El plan de Khan pondría en peligro a los soldados y su carrera, así que quería reunir la mayor cantidad de información posible antes de llevarlo a cabo. El equipo científico humano podía ayudar, así que no se abstuvo de usar su fama, con la esperanza de saltarse algunas reglas. En cuanto a las posibles consecuencias, ya se ocuparía de ellas más tarde.
El silencio regresó y reinó durante unos segundos, pero un zumbido acabó por romperlo. Parte de la pared a la derecha de Khan se movió, revelando un estrecho pasadizo del que salió un joven ataviado con una larga bata blanca.

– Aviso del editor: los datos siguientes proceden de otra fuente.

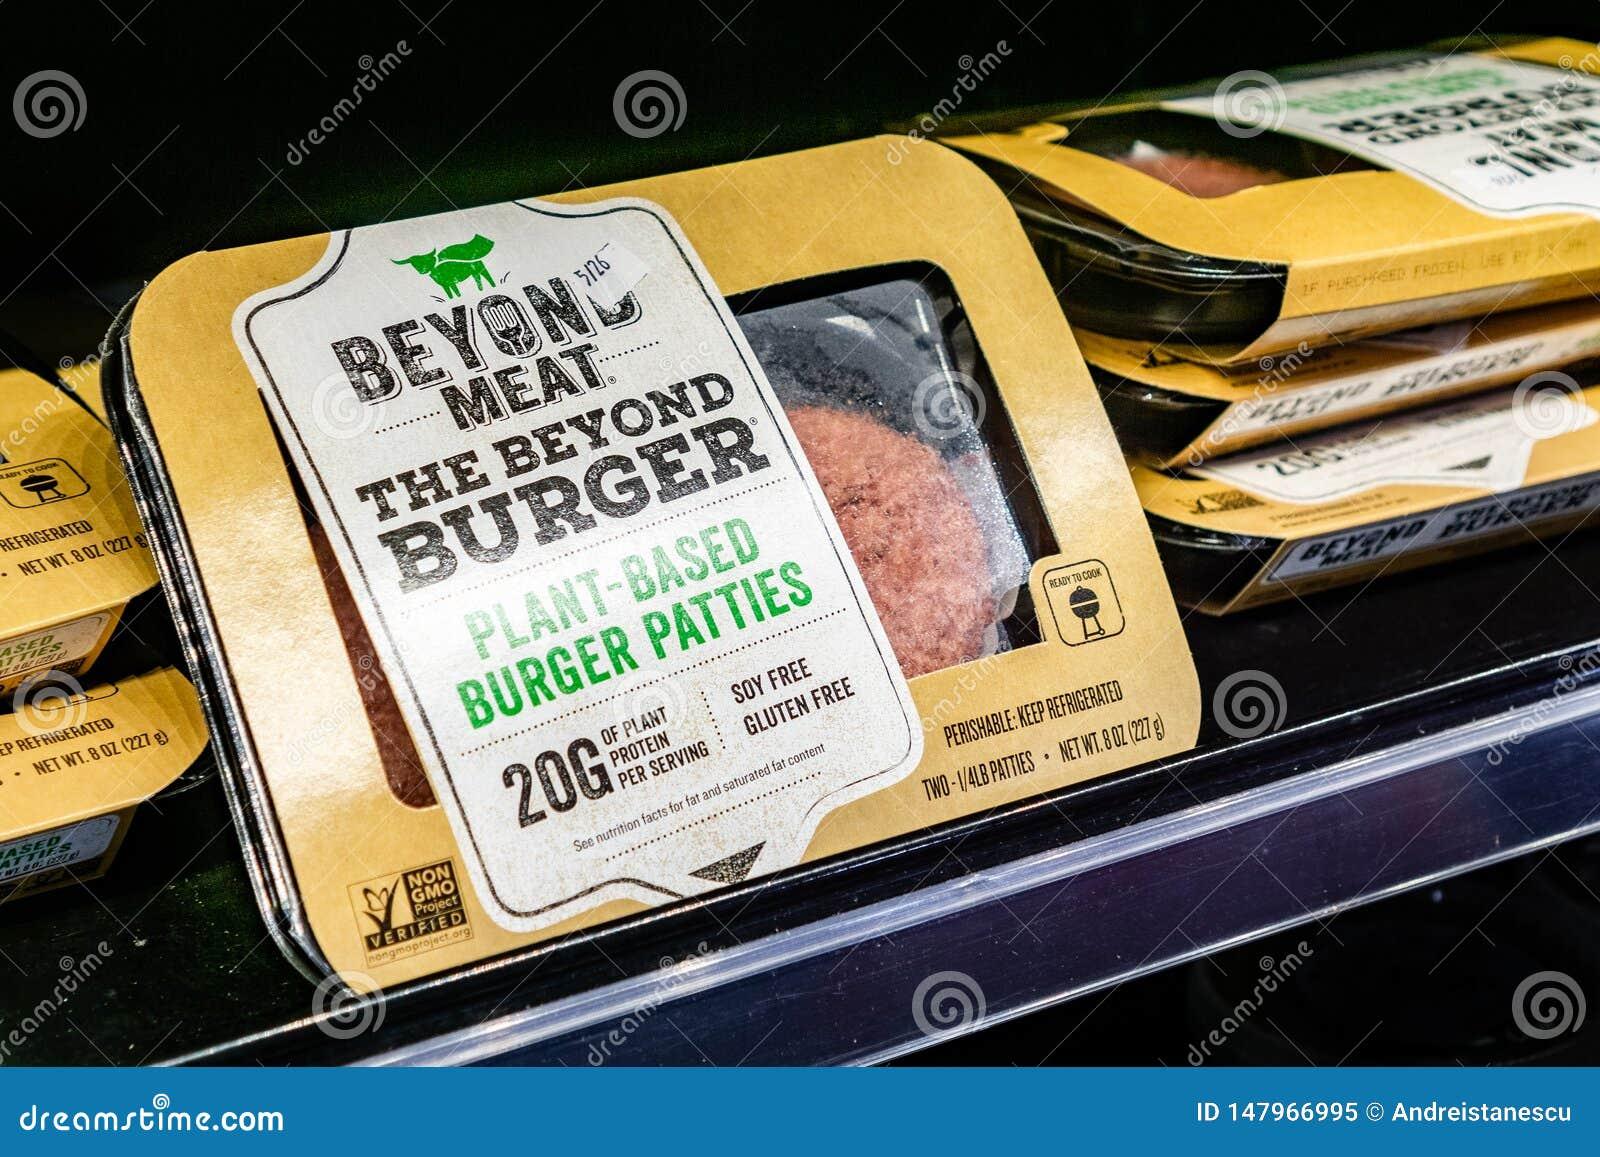 17 mai 2019 Cupertino/CA/Etats-Unis - au delà des paquets d hamburger de viande disponibles pour l achat dans un magasin dans la

—Capitán Khan —llamó el joven en tono de regaño mientras se acercaba al coche—. Esto es muy irregular. ¡Tenemos procedimientos por una razo-!
El científico no tuvo oportunidad de terminar su frase, ya que Khan se materializó ante él. El joven era solo un guerrero de segundo nivel, por lo que sus ojos no pudieron seguir a Khan en absoluto, y su repentina carrera amenazó con hacerle perder el equilibrio.
—¿Me estabas regañando? —preguntó Khan, su tono transmitía una sensación escalofriante que hizo que el sudor corriera por la espalda del científico.
—S-señor —tartamudeó el científico—. Aquí hay normativas.
—Lo sé —Khan esbozó una sonrisa falsa—. Solo quería ver si nuestros científicos eran lo bastante amables como para complacerme.
—Yo… —jadeó el científico ante aquella descarada fachada—. No puedo hablar en nombre del departamento científico.
—Entonces ve a buscar a alguien que pueda —ordenó Khan, abandonando su sonrisa para mostrar su verdadera cara—, y diles que quiero un informe de verdad.